This 1958 Baby Hindustan is evidence of the Morris Minor's popularity

Shortly after Independence, the Indian Government took various measures to step up industrial growth. The one adopted for the fledgling car industry produced great, if not immediate, results. By slapping heavy duties on import of Complete Knock Down (CKD) kits and parts, it successfully prodded companies that thrived on assembly of popular marques into manufacturing cars on Indian soil.

For years following its inception in 1944, Premier Automobiles was assembling Dodge and De Soto cars at its facility in Pune. First at its Port Okha unit and then at its new Uttarpara unit (Calcutta), Hindustan Motors assembled Morris cars and rebadged them.

Both automobile majors began to take over the manufacture of parts for cars built under licence. But the switch to independent production was gradual. For example, the Baby Hindustan, which was the Morris Minor 1000 bearing an Indian name, continued to be built alongside the production of Ambassador (based on the Morris Oxford Series III). Hindustan Motors fostered its link with the Morris Minor because of the car's enduring popularity — until the latter part of the 1960s, Morris Minor models, believed to “typify Englishness”, were in the ascendant.

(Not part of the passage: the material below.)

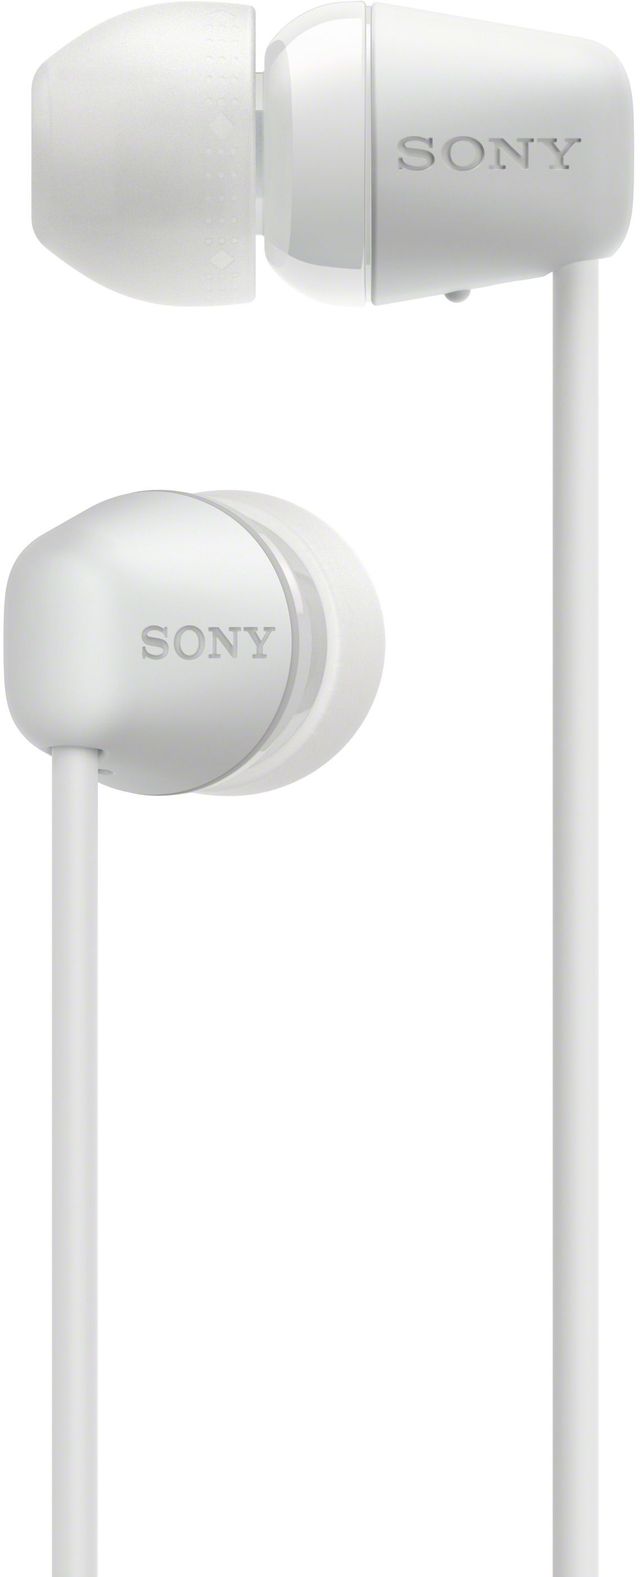 Sony WI-C200 White Wireless In-Ear Headphones 3

A 1958 Baby Hindustan, owned by Dr. Susikaran Thangasami, is visible evidence of the fact that Hindustan Motors' romance with the Morris Minor survived (if only for a short period) a spirited initiative to carve out a completely Indian identity for its cars.

It possesses one of the biggest and most efficient engines received by the Morris Minor models — a 948cc BMC A-Series inline four. The flashing direction indicators are one of the technological advancements that swept the British car-manufacturing industry in the mid-1950s.

This 1000cc Baby Hindustan facilitates ease of driving, thanks to a rear window that is wider than those of earlier Minors. The windscreen is of one piece in contrast to those in earlier Minors which came in two compartments.

Dr. Susikaran bought this car in 1989, but not to be kept pampered in an isolated garage as a valued antique. He elevated it to the position of his regular car, dislodging a 1966 Fiat 1100 in the process. But he did not cite daily driving as an excuse for turning it into a modern car cloaked as a Minor 1000. He has neither added nor removed anything. Which is why the car continues to have meters (barring the Smith's speedometer) and switches that are extrinsic to Minor 1000.

As he began to cut down on work in consideration of his age, he had less need for the car.

Now, the major responsibility of maintaining it is shouldered by his son, Dr. Sudhan(in pic). Despite its compactness and road-worthiness, Dr. Sudhan prefers to drive it only infrequently through the quiet lanes off Balfour Road.